Guaro is a modest white village, located on the edge of the Sierra de las Nieves natural park. The area is known for producing almonds and olives, which is an important part of the local economy. Guaro has it’s own olive mill, where locals have their harvests pressed.
The village of Guaro is also used as an Eastern base for access to the Sierra de las Nieves, were you have stunning nature hikes and activities. It is the ideal spot for outdoor lovers and also offers cultural activities like the Luna Mora festival in September, or the Feria in August.

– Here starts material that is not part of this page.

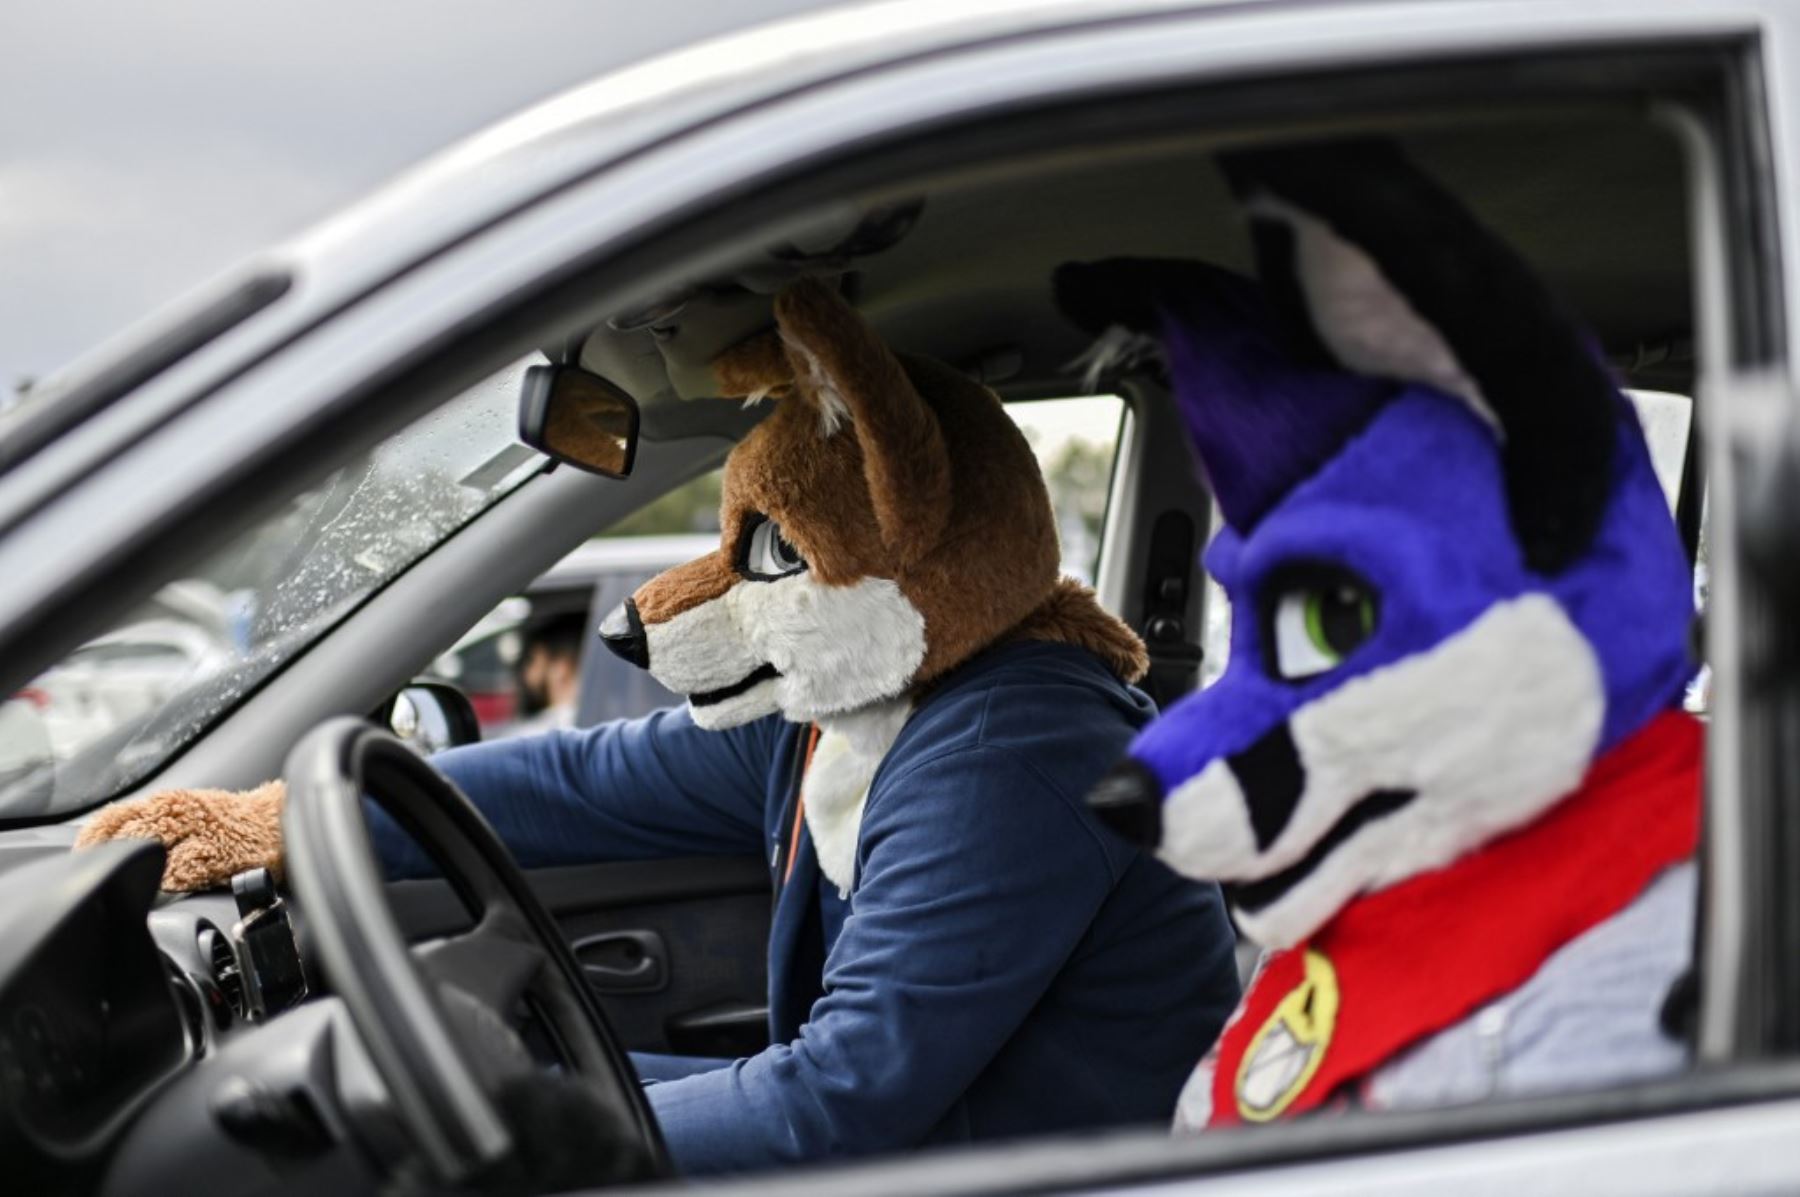 Personas disfrazadas ven una película desde un automóvil en un autocine instalado en el hipódromo Hermanos Rodríguez de la Ciudad de México, en medio de la pandemia del nuevo coronavirus.

Foto:AFP

Kilometres to Malaga Airport: 51km (42 minutes by car)
A Very Brief History
Like many white villages in Andalucia, it’s history dates back to the Arabic occupation of Spain. Guaro was conquered in 1485 by Catholic armies. The village was taken shortly after the neighbouring town of Coín and surrendered without the need for battle. Many Moors decided to convert to Christianity and those who wouldn’t were given infertile plots of land and were forbidden from speaking their native tongue. As the environment became more hostile, the moorish population of the village began to slowly vacate the area. Guaro became an independent village in 1614.
The Bars and Restaurants
There are around 10 bars and restaurants in Guaro. You will find mostly traditional Spanish tapas bars that provide a really relaxed atmosphere although there is also a pizzeria and an Italian restaurant.
There is a primary school in Guaro, Colegio C.I.E.P Los Almendros, that teaches children from ages 3 to 14. From here, students attend a secondary school in one of the larger towns in Coín or Alhaurín el Grande.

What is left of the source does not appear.